Classification-aware fixing. The triage agent classifies errors into categories — code bug, config issue, reporting level, transient, external, needs investigation. The fix prompt changes based on classification. For "adjust reporting" errors — where the bug is that an expected error reaches error tracking at the wrong level — the prompt explicitly says: don't change business logic, just fix the reporting. This prevents well-meaning but destructive "fixes."
Cron plus manual trigger. The agent runs on a schedule (daily at 6 AM) but also exposes a /trigger endpoint for on-demand runs. The triage agent surfaces only the top 5 errors ranked by user impact, so humans don't get overwhelmed and the agent stays useful.
The Road to Autonomy
Where we are now: A human approves each fix via Slack. The fix agent opens a PR but doesn't iterate on review feedback — if follow-up is needed, a developer takes over (with whatever AI-powered stack they normally use for development). This is deliberately conservative for v1.

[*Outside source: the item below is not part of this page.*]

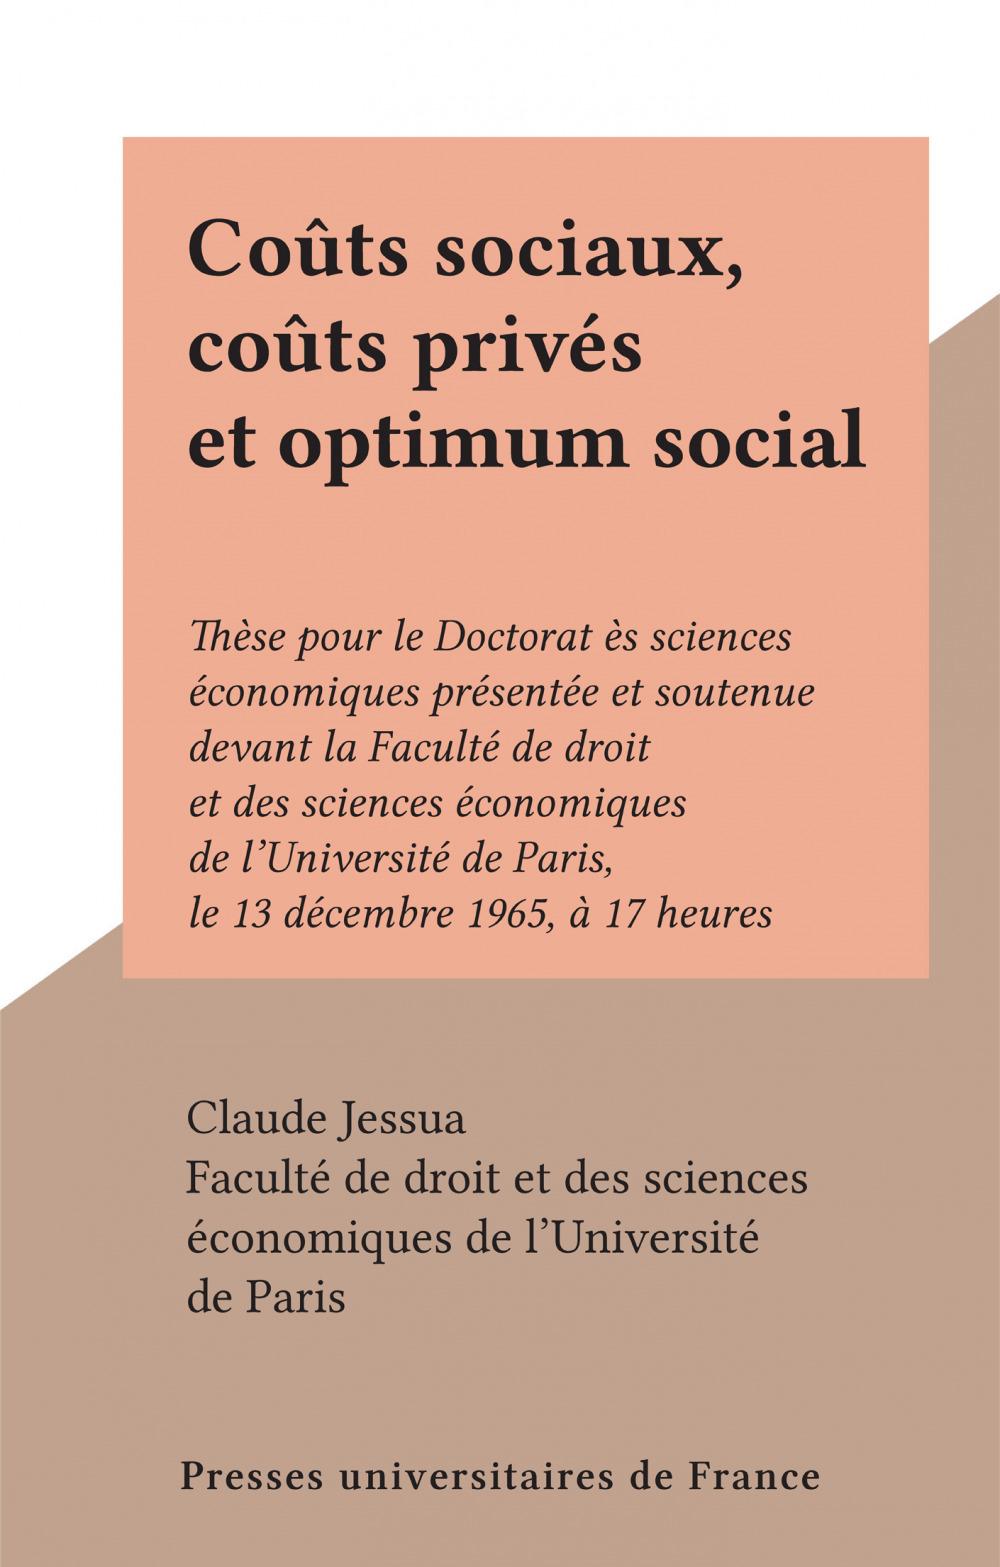 Coûts sociaux, coûts privés et optimum social

Next step: autonomous PR iteration. Right now, if a PR needs follow-up, a developer takes over. When the fix agent can respond to review comments and push follow-up commits, we close a big gap. Our main product (cto.new) already handles this workflow — the SRE agent was intentionally kept separate to stay cleanly isolated, but we'll port those capabilities over.
After that: drop Slack approval. For low-risk fixes (reporting-level changes, lint fixes), skip the human gate entirely. Keep PR creation as the handover point — a developer still reviews before merge, but the agent doesn't need permission to attempt the fix.
Eventually: merge without human review. The dream isn't removing review — it's removing human review. An agent reviews the PR, runs automated QA, checks metrics post-deploy, and triggers follow-up commits if needed. Humans monitor the system rather than each individual fix. The foundation for this is robust CI/CD and automated testing — the agent needs to prove its changes are safe through the same pipeline any developer's code goes through. That's the vision — not a reckless autonomous agent, but one embedded in a system of automated checks that earns trust through reliability.
Wrapping Up
We didn't set out to replace SaaS tools — we made them composable. BetterStack finds the errors. Our agent triages them. Daytona provides the sandbox. The LLM does the reasoning. Slack provides the human interface. Each service does what it's best at.
The interesting part isn't any one piece — it's how quickly you can wire them together when your codebase is designed for it. Two days, ~1,200 lines, and we have an AI SRE that handles the work nobody wanted to do.